• [DATA]

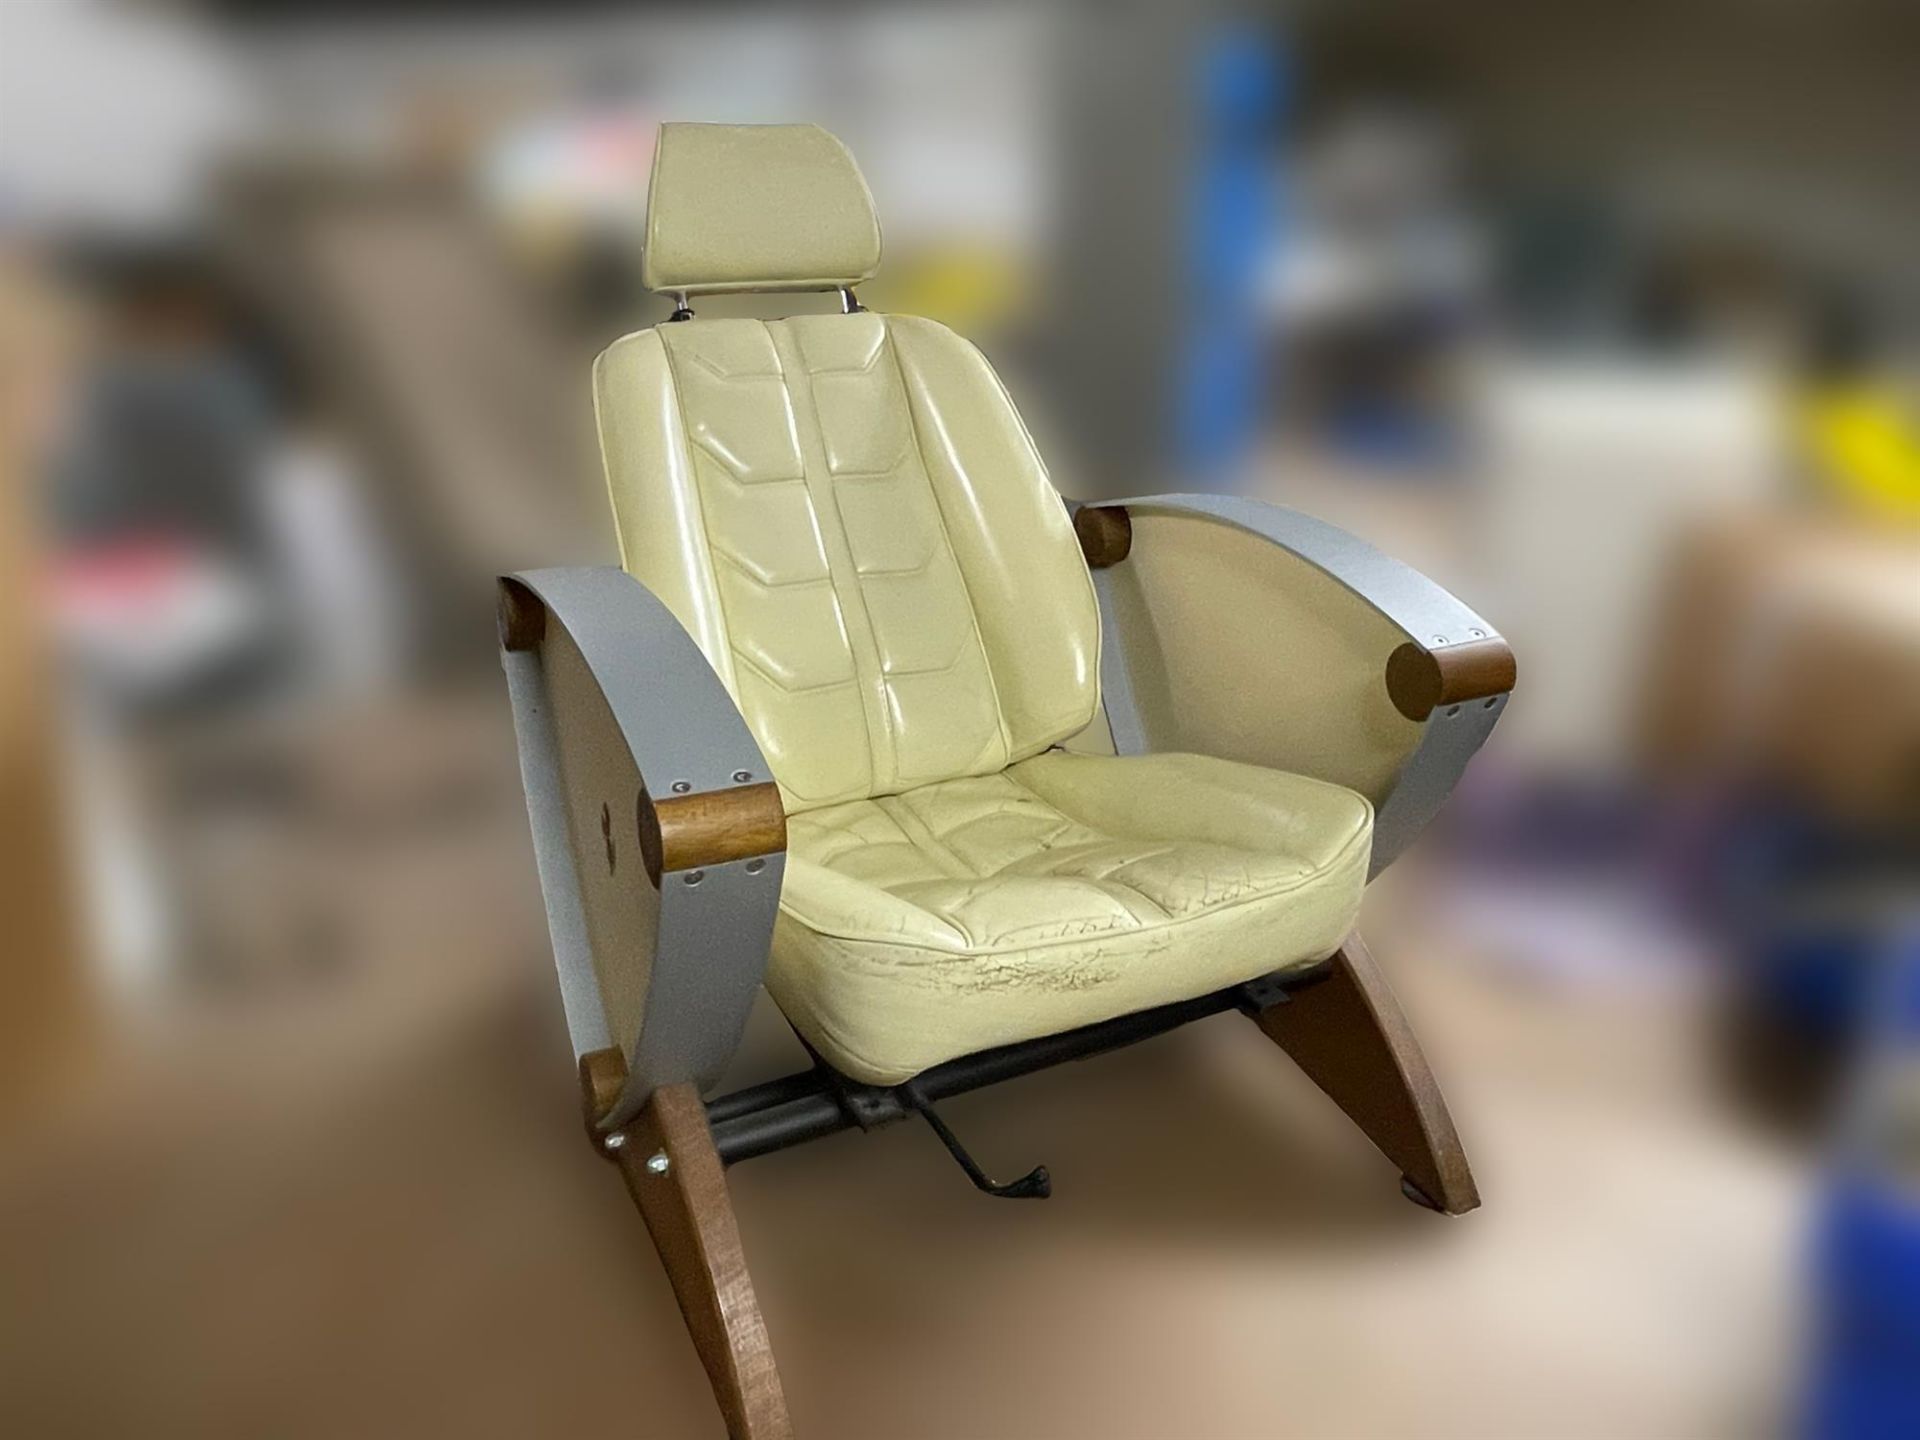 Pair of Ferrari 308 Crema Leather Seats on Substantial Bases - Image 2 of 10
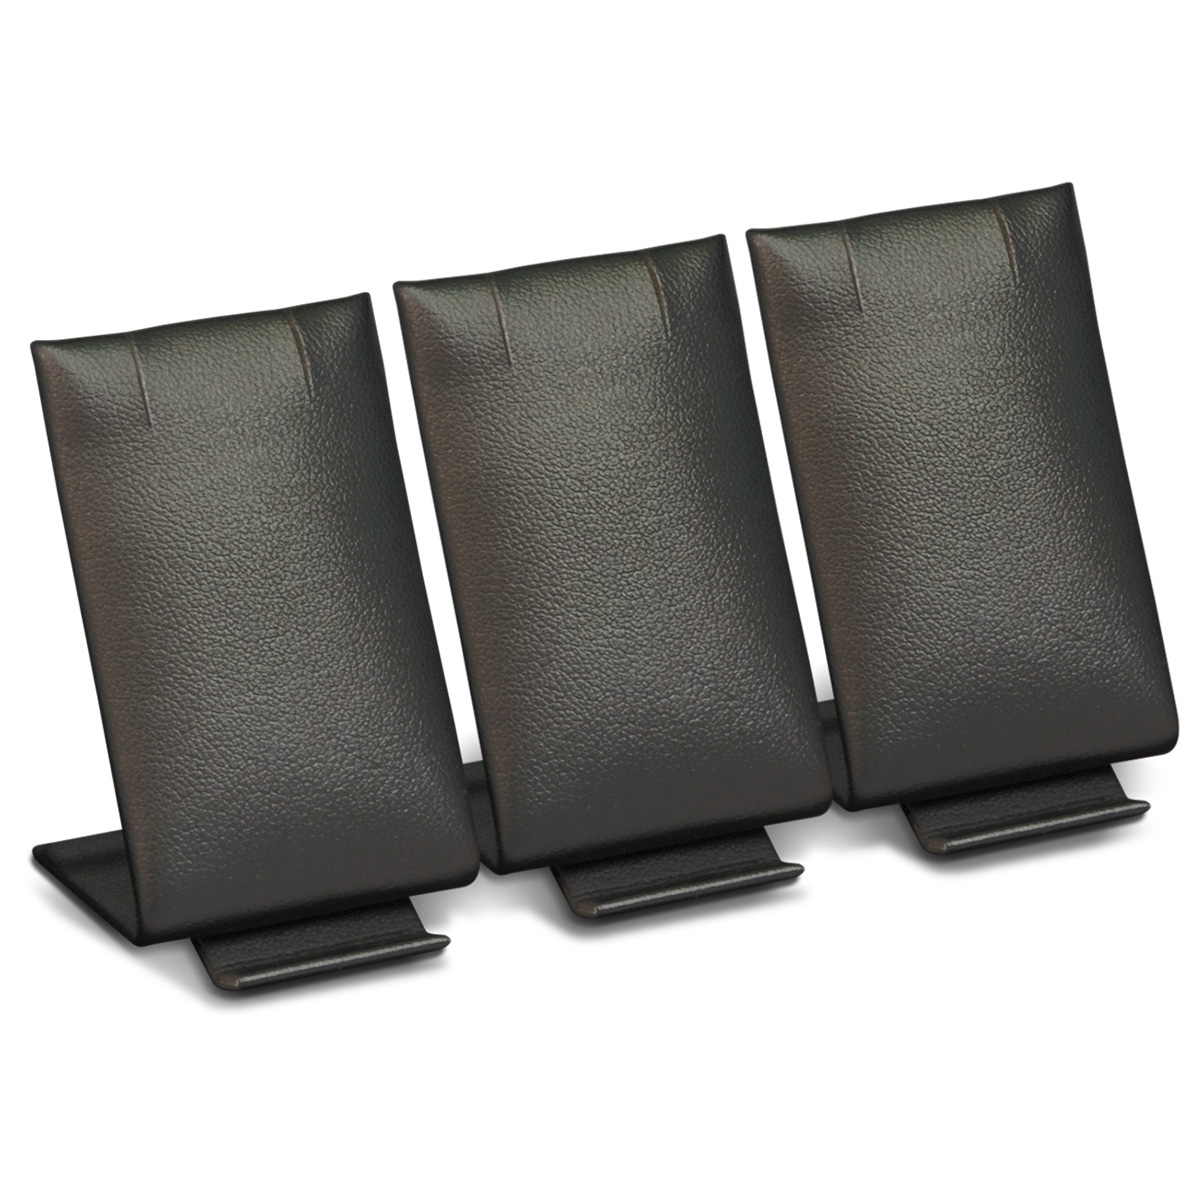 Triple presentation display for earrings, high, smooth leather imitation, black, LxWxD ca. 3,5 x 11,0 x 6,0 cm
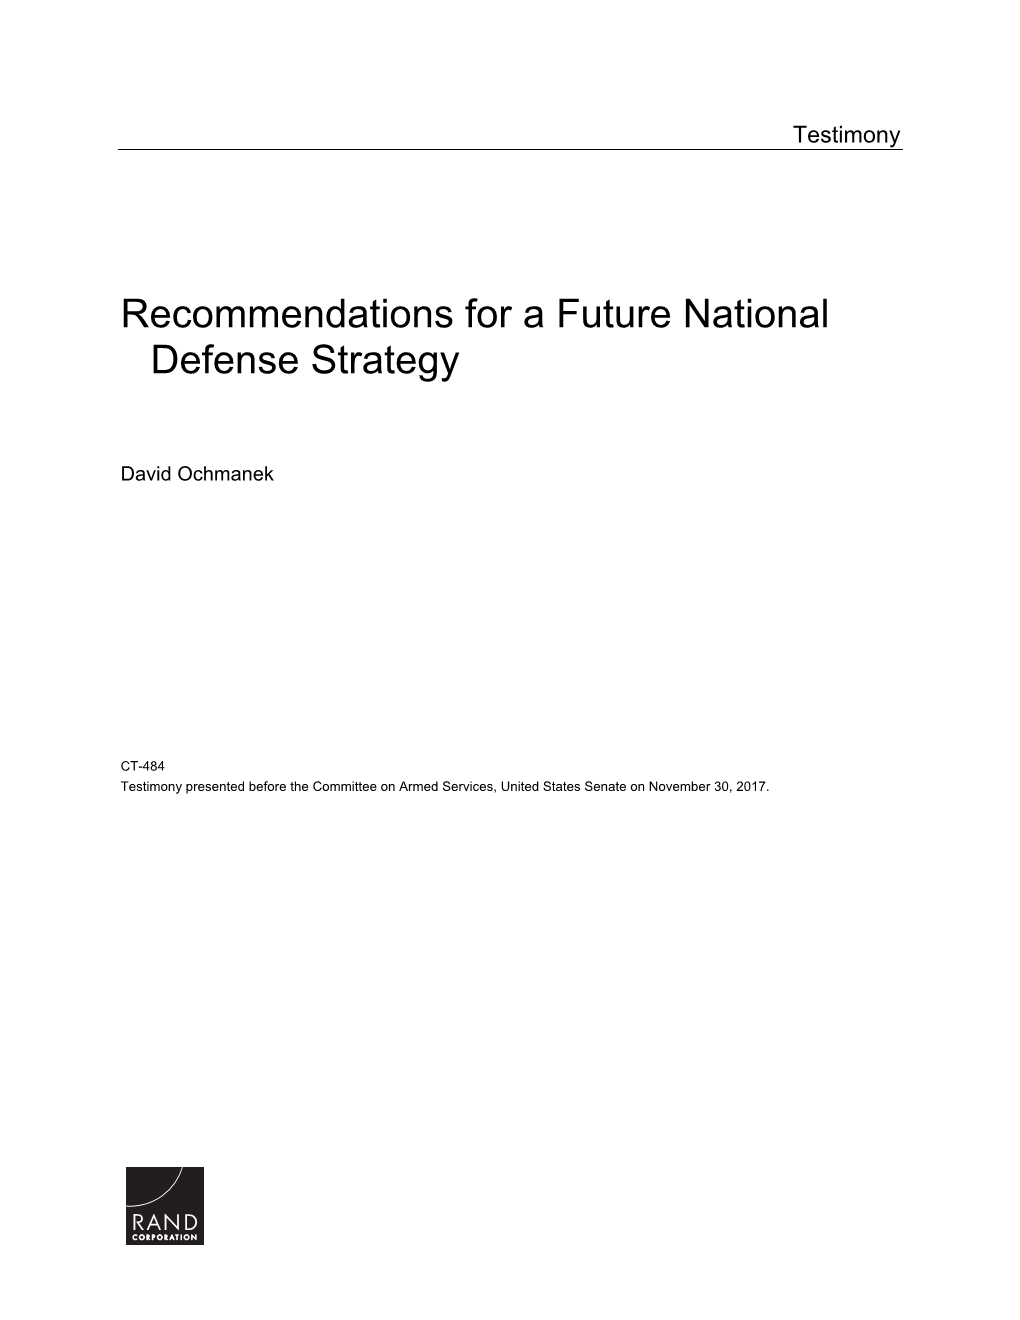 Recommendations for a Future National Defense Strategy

• [ABOUT THIS EXERCISE]
Only the lines from the one with "Triple presentation display" through the final line of the data should be written out, exactly and including both ends. Skip the pictures.

• [ANSWER SPACE]
 Triple presentation display for earrings, high, smooth leather imitation, black, LxWxD ca. 3,5 x 11,0 x 6,0 cm
 Recommendations for a Future National Defense Strategy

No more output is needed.